Re: Need help understanding my radiator hydraulics

Reply #50
@Jerry I don't have a dash switch to override the 190 degree fan motor switch either. I do have the Aux Fan switch and I just happen to figure out where that pump is while laying on my back under the coach entertaining myself with the hydraulics system. My solenoid was disconnected and so is the power to the hi/low switch. The power wire is just hanging there. Now that I know yours is hooked up to the Aux switch I probably power if there since I can use the fuse as a switch for the hi/low if I want to test/play with it! I tend to stay away from the cold so don't need the extra heat to the dash all that often. :)

I've been thinking about what Alan said about heating up the Sun Hydraulics block and pulling out the relief cartridge. This makes a lot of sense. With the SH block being made of aluminum it should expand more readily than the steel cartridge. In theory should allow me to get it off. That's my dream for today anyway. Once I have the cartridge I can just visit some of the friendly hydraulic shops here in town and in exchange for some cash money american walk out with a repaired/new one. Yeah! I had thought about using heat but was worried about ruining the o-rings but duh...  those are replaceable and if I get a new one I bet it comes with o-rings.

And I'd love to sit down with you over a fried shrimp lo-boy and a root beer! Won't be this year we will be in PNW but you never know maybe next year.

see ya
ken
The selected media item is not currently available.ken & dori hathaway & Big Agnes
🍺1992 U300 GrandVilla WTBI #4150 FOT FBP 2011
✨6V-92TA DDEC Parlor Coach 350HP Series 92
🏁2011 Nissan XTerra Pro-4X

Re: Need help understanding my radiator hydraulics

Reply #51
Ken,

It might be easier to remove the reservoir tank before trying to remove the Sun Hydraulics valve.  The reservoir looks like like it is strapped in with metal straps and not welded in place.  If you can disconnect the hoses and remove the reservoir with the valve attached then you can be more careful and turn it upside down to soak the threads on the valve with a rust buster before trying to break it loose.

Can you feel the pump in the fan motor working when you turn it by hand?

Jerry aka Murph
The selected media item is not currently available.
Jerry and Cindy Maddux
1993 U300/36WTBI DD6v92TA
build 4271  "Miss Lou"
1995 suzuki sidekick 4x4 toad
Gulfport, Ms

"Pride of Ownership"

Re: Need help understanding my radiator hydraulics

Reply #52
Success! The Sun Hydraulics valve is off.
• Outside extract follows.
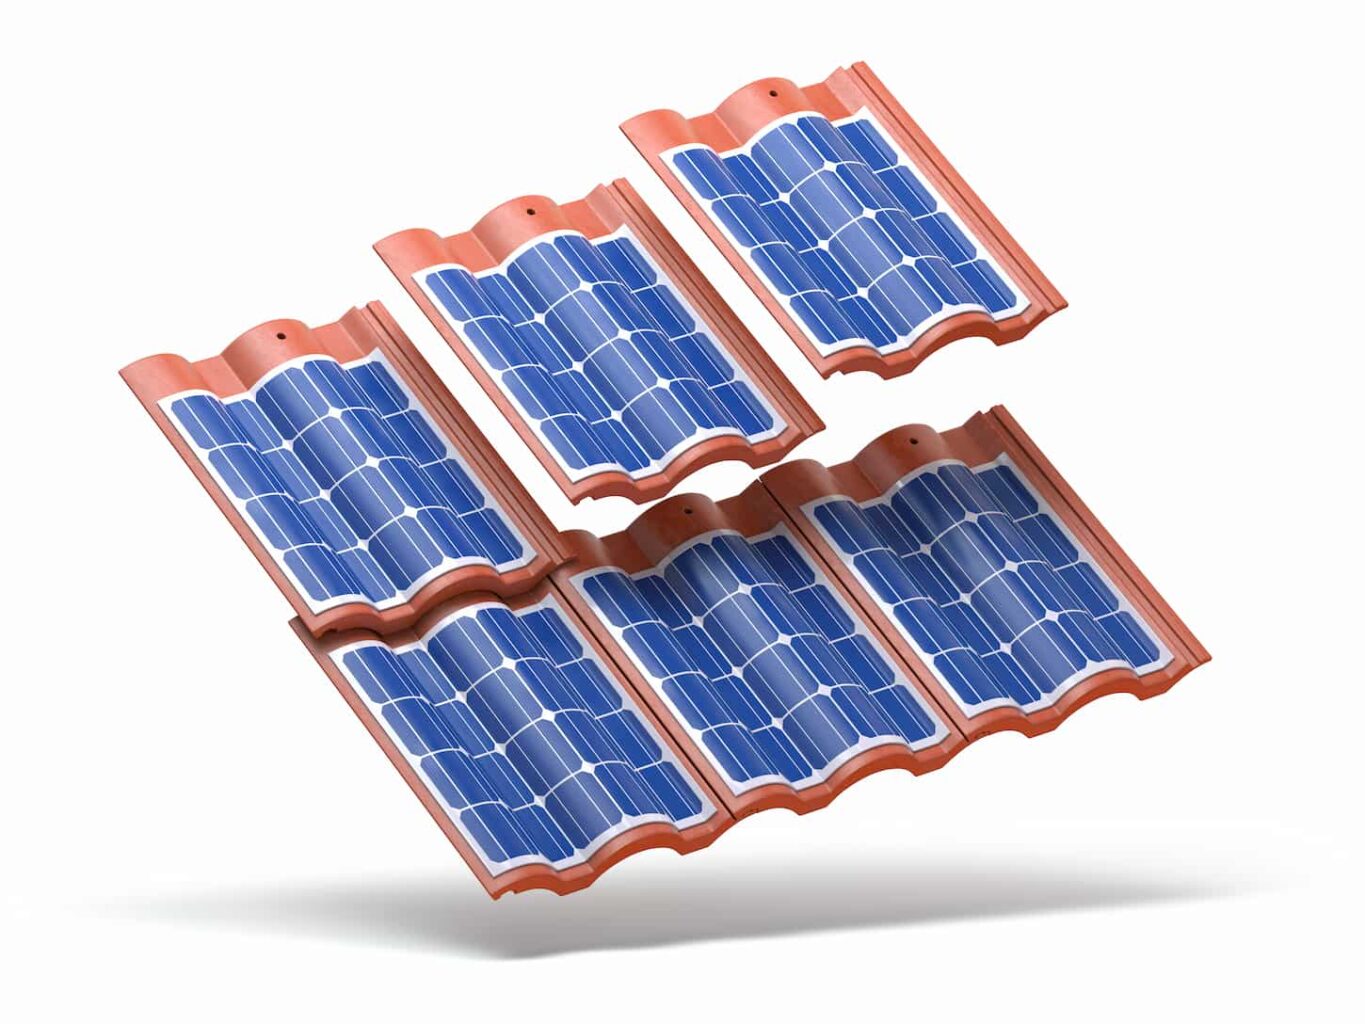 An image of Solar panels integrated into roof tiles or shingles isolated on white background.
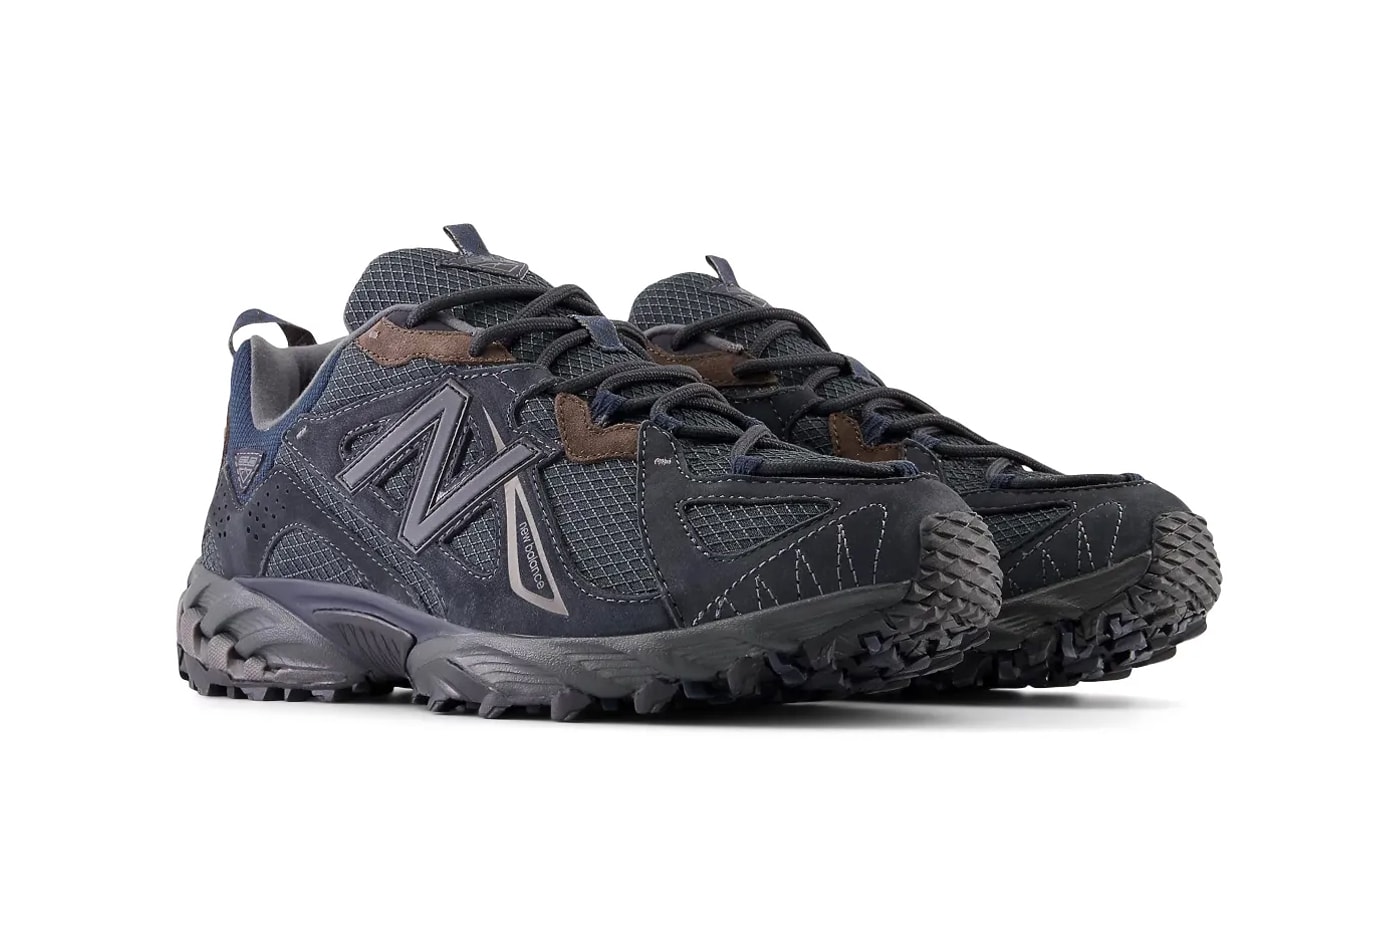 Official Look at the New Balance 610T "Phantom" ml610tp-4 trail running shoe sneaker

Put some PB Buster on it, then some heat, then a wrench with another wrench as an extension, then some brute force and off it came.

I'm pretty sure the internal spring is broken. When I shake it back and forth I can hear it rattle. The part number is RPGC JAN. I've already found a couple on ebay rpgc jan in Business & Industrial | eBay for less than $50. I'm checking with a shop here in town to see if they can get it for me. It will take a few days before I'll have one in my hands. Looks like I get a few days off! :)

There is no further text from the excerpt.